Celtic have a better record in European games with English teams than vice versa. Yet we keep getting told how inferior we are.

We wouldn't struggle in the Championship. I also have no doubt given the same financial backing that's in the EPL we would have no issues establishing ourselves at a high level reasonably quickly.


----------



## Kerr

wayne451 said:


> :lol:
> 
> Sod that. You may have Coronavirus under control but I'd still not risk crossing the border, I'd be too scared of catching Gingervirus :lol:
> 
> In terms of crowds/fanbase they're Premiership level so could compete at a later date but in terms of players they'd be at the latter end of the Championship, if not lower.
> 
> As an Oldham fan I've seen my fair share of utter toss but Chris Killen was very bad, he ended up at Celtic after spending time with us in the third tier. We also had a player called Chris Porter who left to play for an SPL team, never to be heard of again?
> 
> We had some player (Benya?) on loan from Celtic the other year, he couldn't even get a run of games for us. Heather Mills could kick a ball better than he could.

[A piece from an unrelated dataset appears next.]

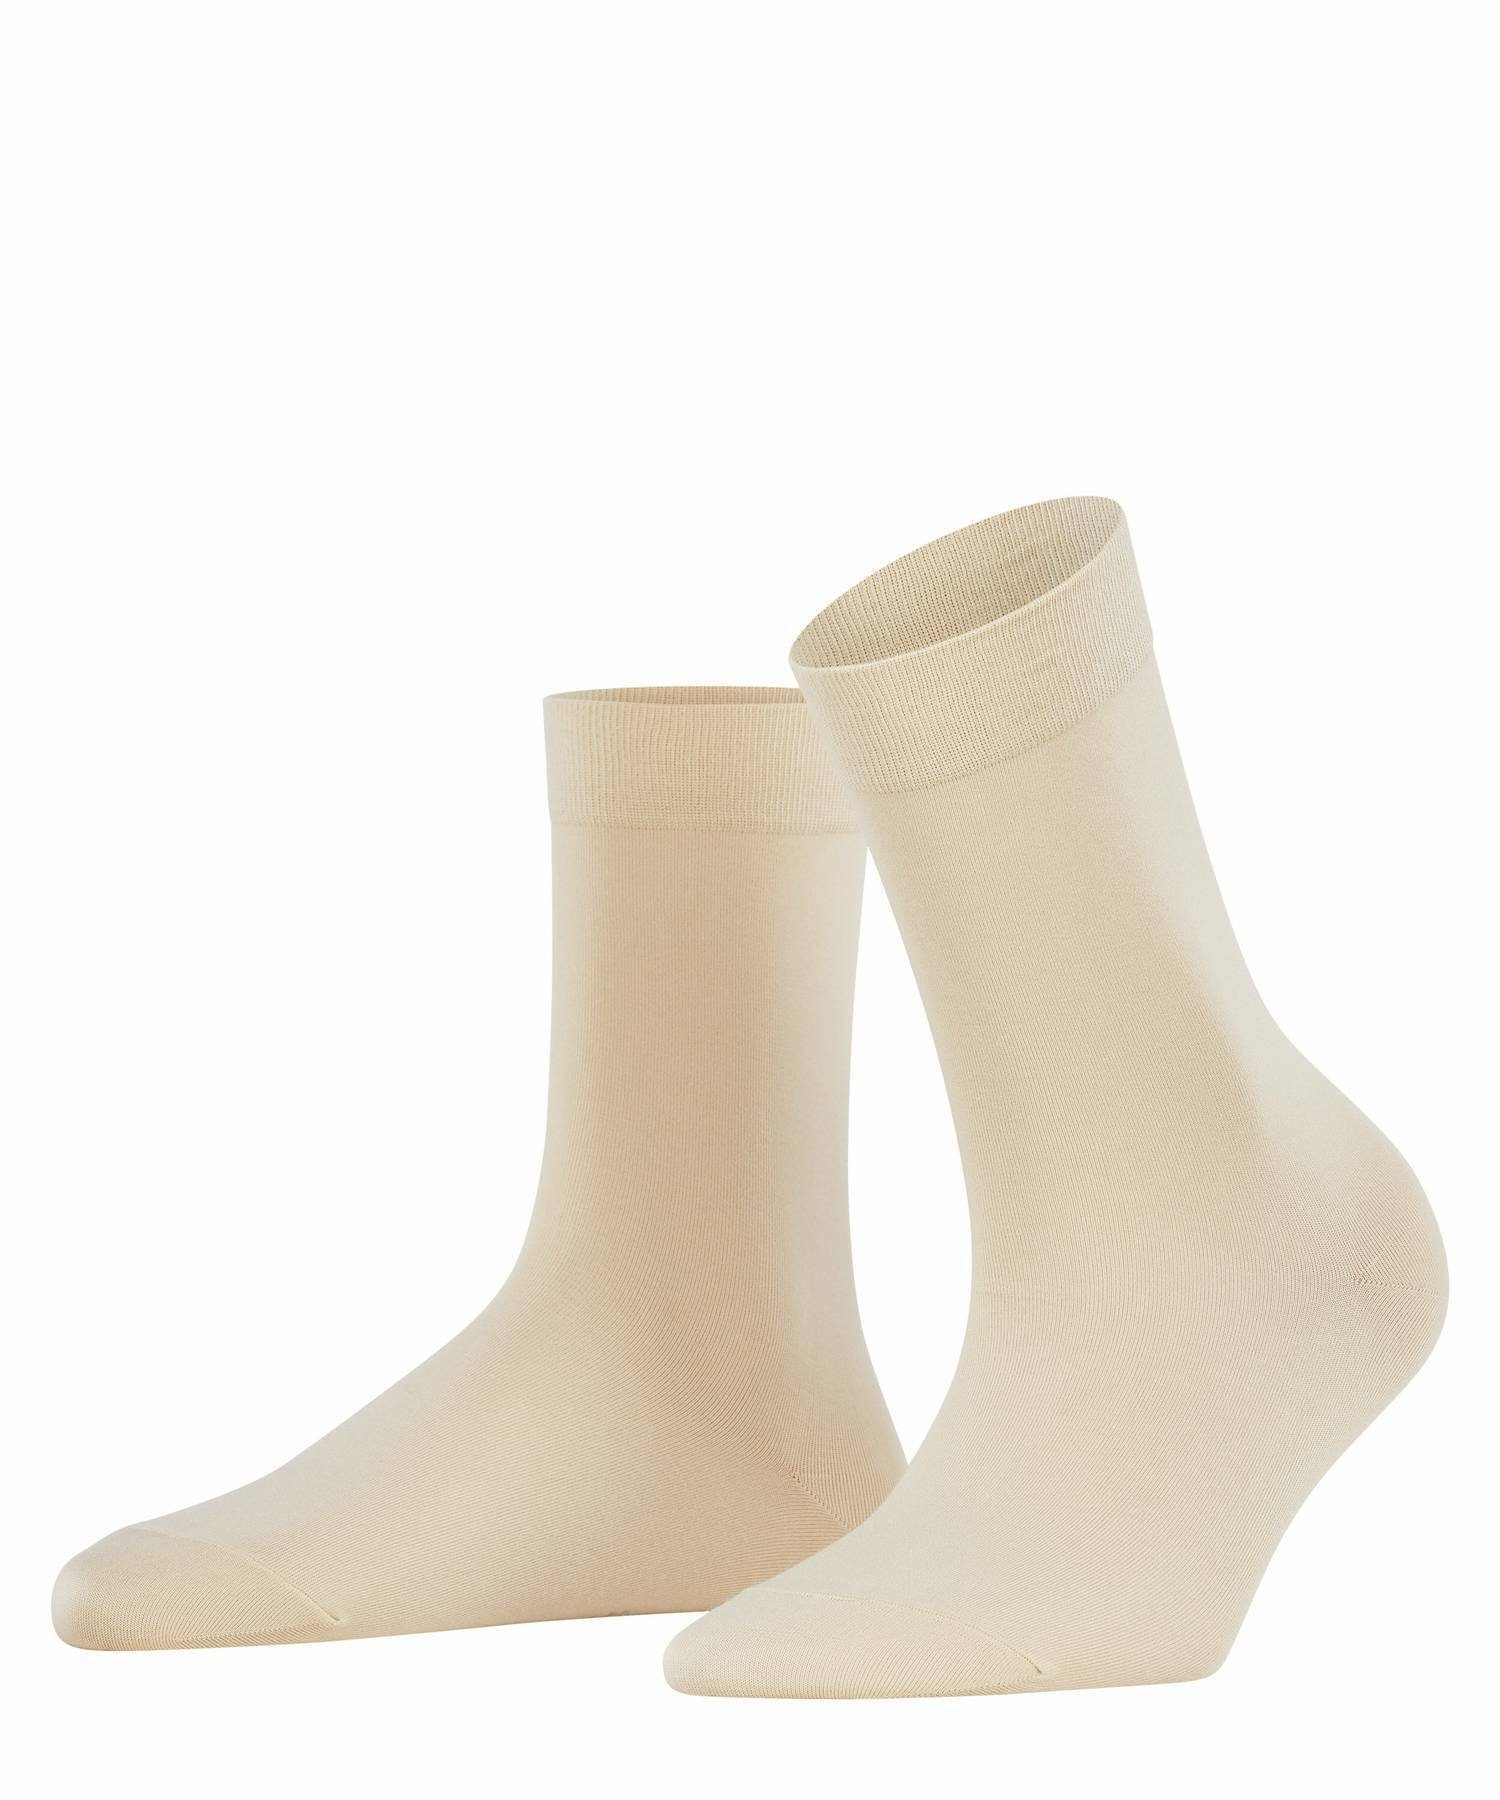 FALKE Kurzsocken Damen Socken - Cotton Touch, Kurzsocken, Knit Cream (4019)

We've had this conversation before..

Chris Killen was a laughing stock here. As was players like Daryl Murphy. After he left us he was the top scorer in the championship. The guy was worse than useless.

Benyu has one sub appearance for Celtic. It was for a few minutes in a game that was long over. I have never seen the guy.

Edit. He's had 4 appearance either as sub or been subbed. Hasn't played for Celtic in 3 years.


----------



## wayne451

Kerr said:


> We've had this conversation before..
> 
> Chris Killen was a laughing stock here. As was players like Daryl Murphy. After he left us he was the top scorer in the championship. The guy was worse than useless.
> 
> Benyu has one sub appearance for Celtic. It was for a few minutes in a game that was long over. I have never seen the guy.
> 
> Edit. He's had 4 appearance either as sub or been subbed. Hasn't played for Celtic in 3 years.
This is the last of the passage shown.